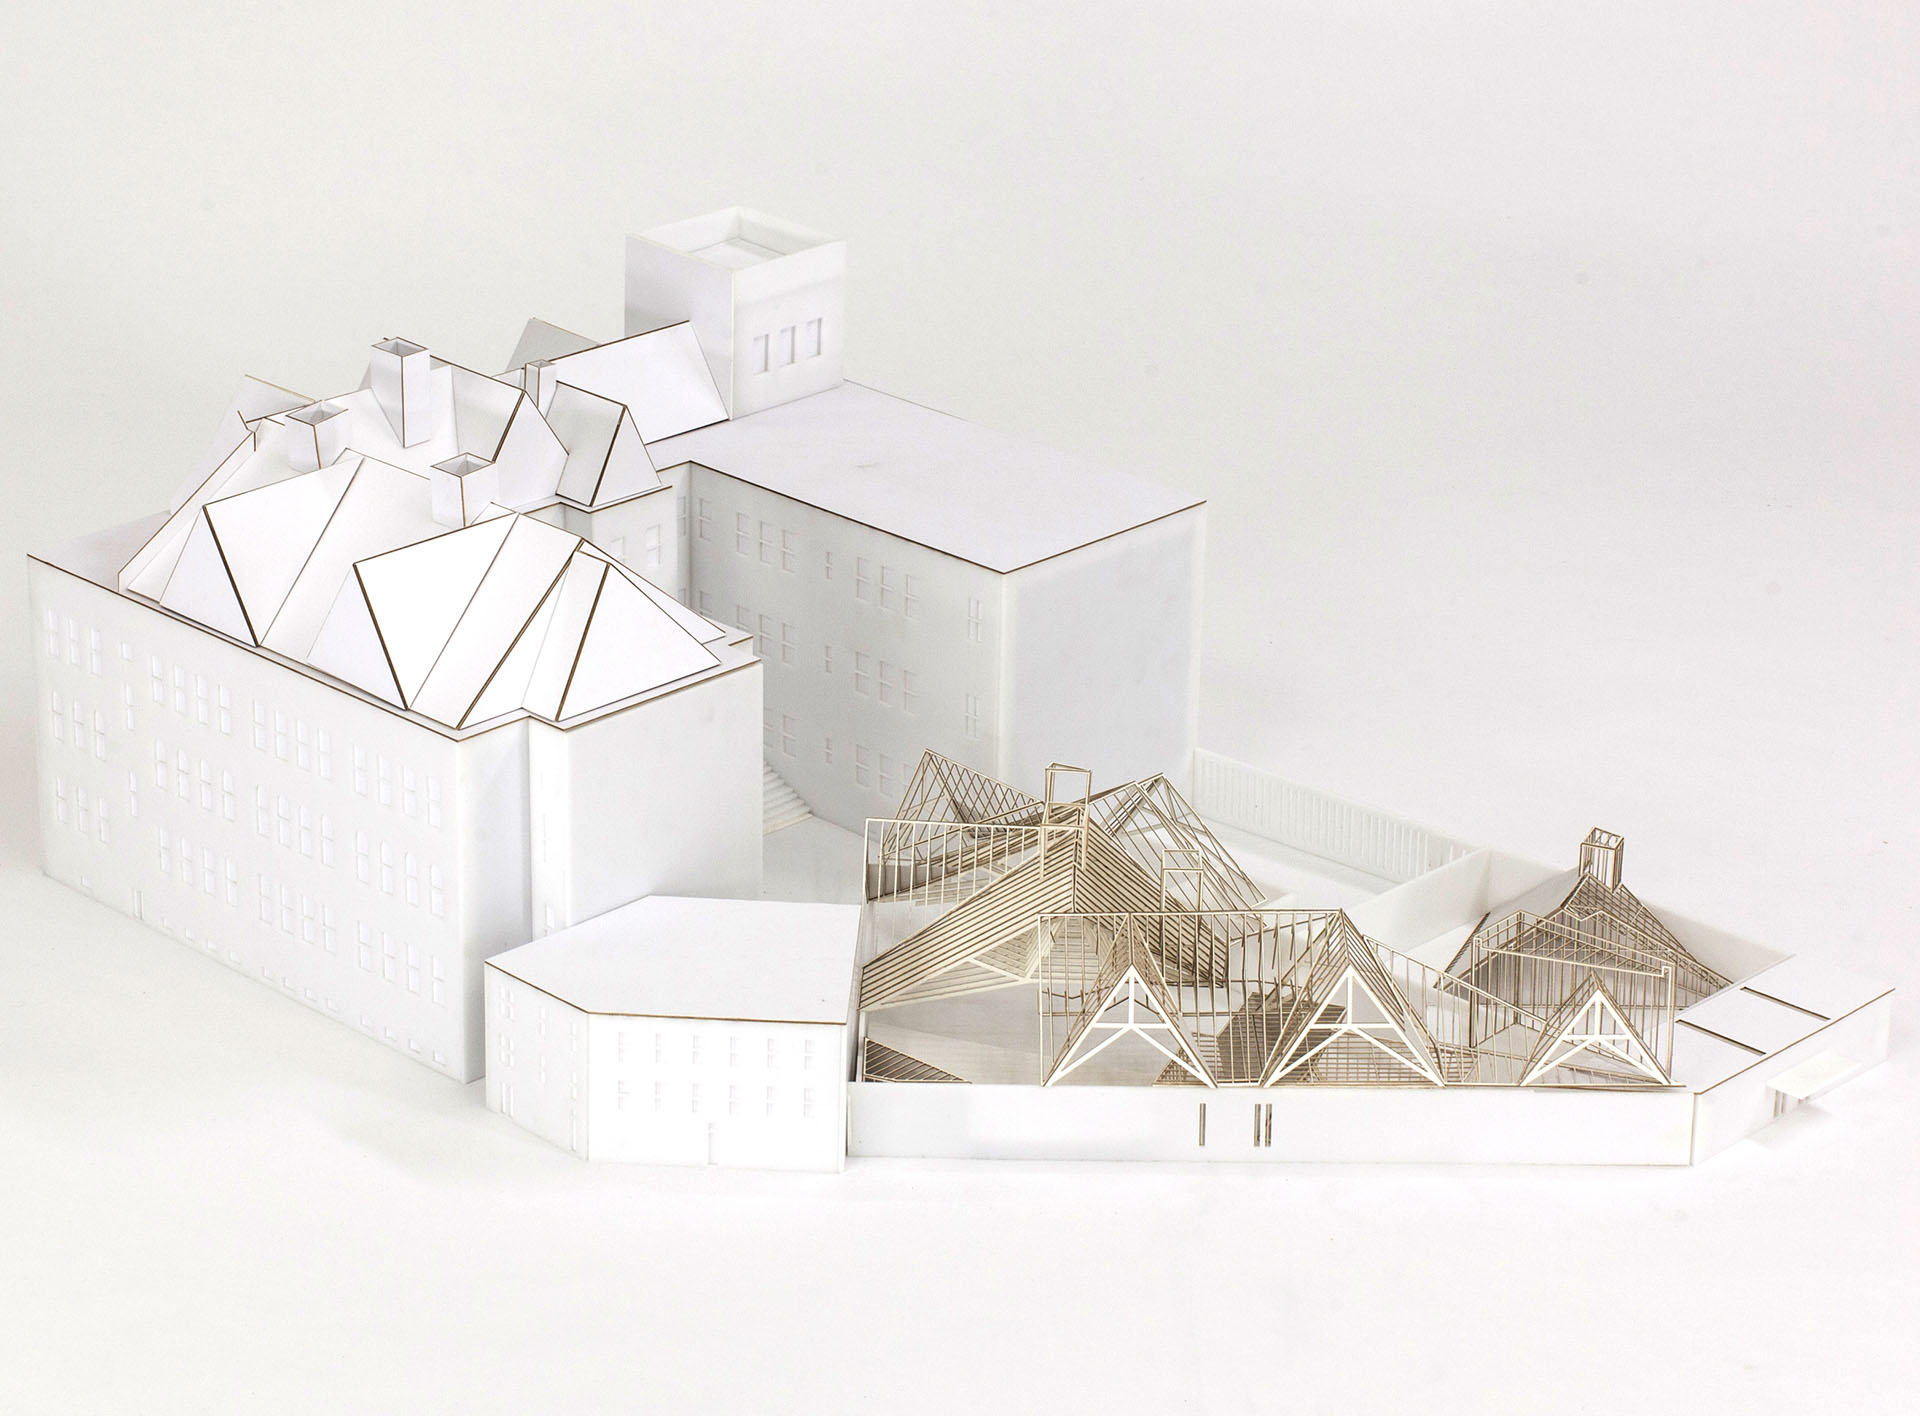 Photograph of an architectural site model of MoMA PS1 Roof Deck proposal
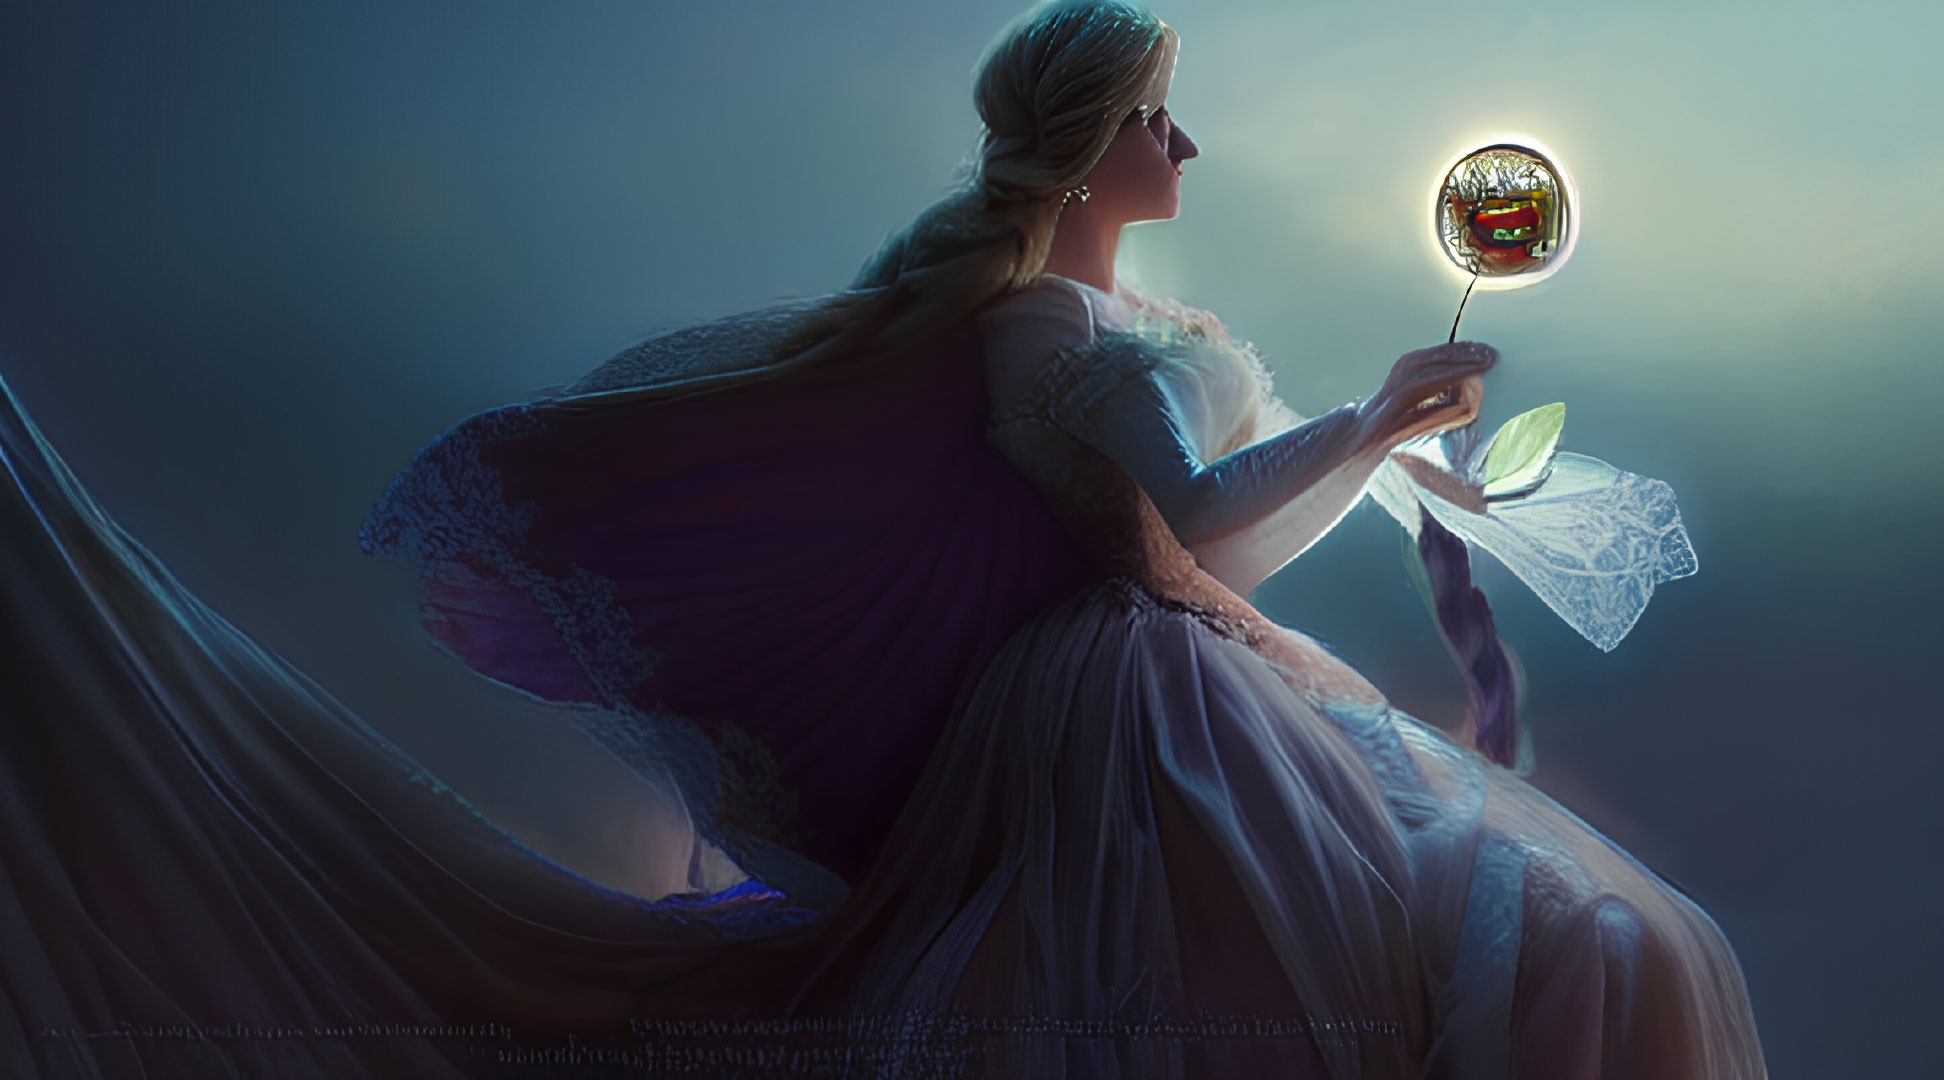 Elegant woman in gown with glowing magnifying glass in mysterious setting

* * * * * * * * *

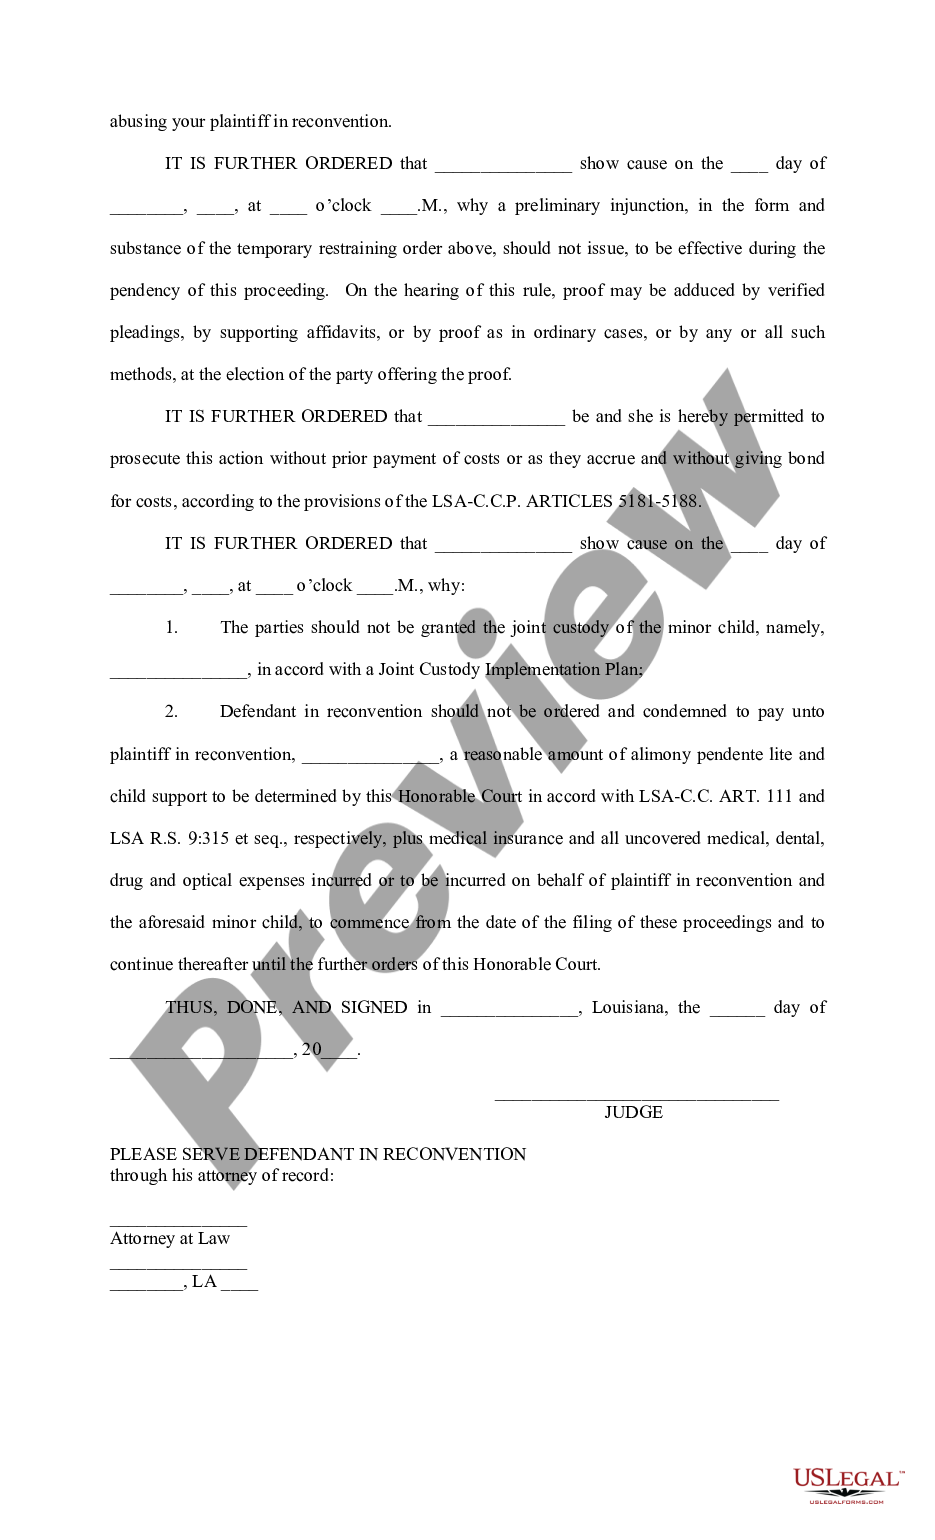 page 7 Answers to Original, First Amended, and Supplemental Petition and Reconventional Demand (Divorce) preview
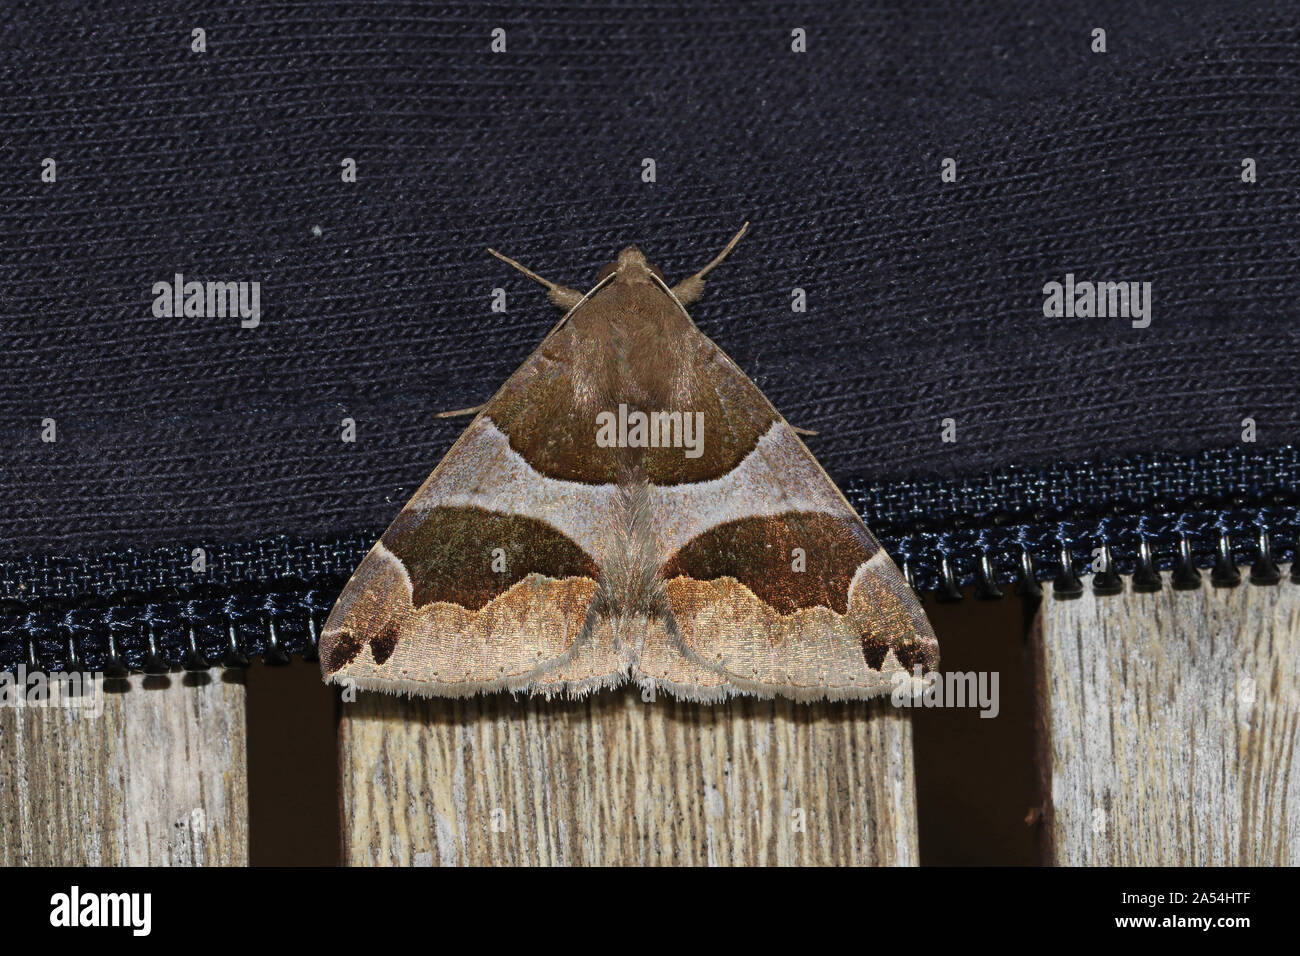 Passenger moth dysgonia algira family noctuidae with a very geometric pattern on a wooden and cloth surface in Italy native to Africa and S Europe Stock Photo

* * * * * * * * *

# Exercise:
What you need to produce is an exact copy of the entries above, limited to the lines from the one with "Photograph of an" up to and including the one with "Elegant woman in", without pictures.

# Reply to the exercise:
 Photograph of an architectural site model of MoMA PS1 Roof Deck proposal
 Elegant woman in gown with glowing magnifying glass in mysterious setting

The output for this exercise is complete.